Abstract: Democracy is in a global crisis, which technology has not so far helped us overcome. Large language models provide a new tool for finding answers to specific questions and summarizing complex information. However, the monolithic perspective on reality that chatbots provide – tuned by technology corporations – raises questions about their role in liberal democracy. I will argue that we can use AI technology to capture and map a plurality of perspectives and scale a classical element of participatory democracy: citizen assemblies. Citizen assemblies are deliberative forums of randomly selected citizens brought together to discuss a particular issue and share their opinions. The goal is for the opinions of the participants to impact the political process, e.g., through recommendations to representatives of the government. In recent years, citizen assemblies have gained some traction worldwide, particularly in Europe and North America. For instance, the French Citizens’ Convention for Climate (2019-2020) brought together 150 citizens to propose measures for reducing greenhouse gas emissions. Similarly, the Irish Citizens’ Assembly (2016-2018) played an important role in shaping public opinion and government policy on issues like abortion and same-sex marriage. AI technology can help us (1) scale citizen assemblies affordably to thousands or millions of participants and (2) map the landscape of nuanced opinions in a transparent and verifiable fashion.

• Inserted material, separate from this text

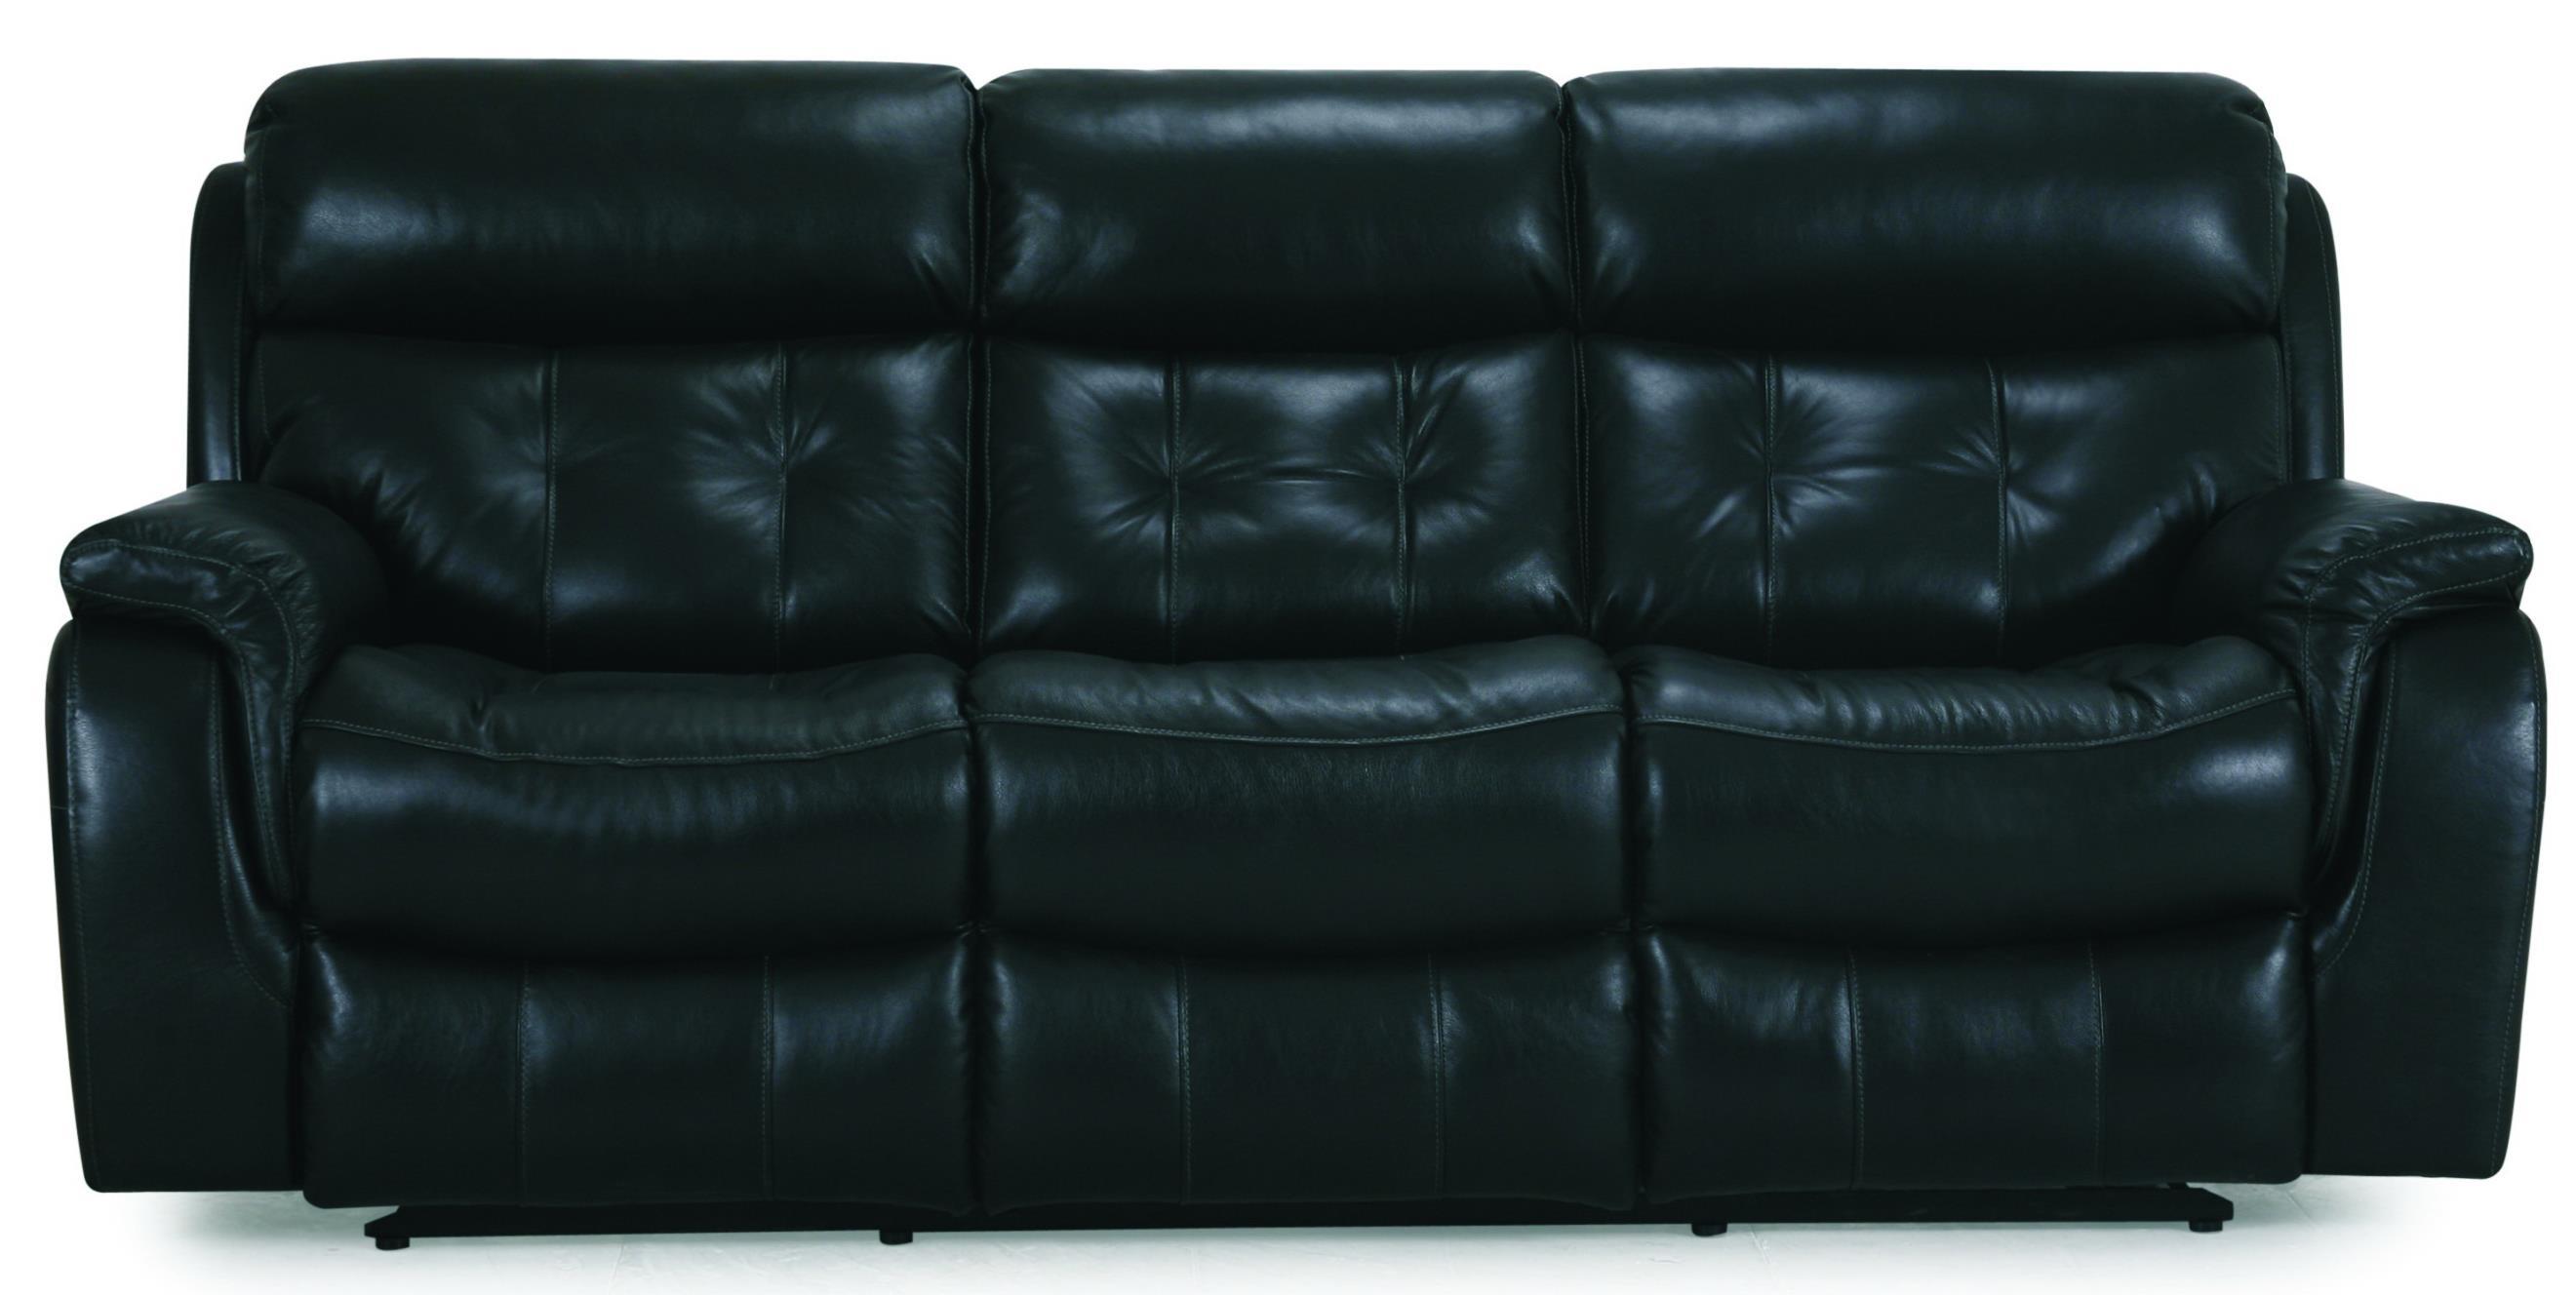 Cheers Sofa 9021  Power Reclining Sofa - Item Number: 9021M-L3-2E-2044

Assemblies can be recorded and transcribed automatically, and the variety of positions summarized using language models. Novel methods combining language models and multivariate analyses can then capture the complete space of opinions as a graph whose nodes represent opinions at a range of levels of abstraction, from broad to nuanced. People (including but not limited to the participants of the assemblies) can traverse the graph online, attach ratings of their degree of belief in the opinions, and add opinions not yet captured. Implementing this project at Columbia would require a broad collaboration among faculty spanning the humanities, the social sciences, the natural sciences, and engineering. The project would leverage modern AI to help make good on the promise of liberal democracy.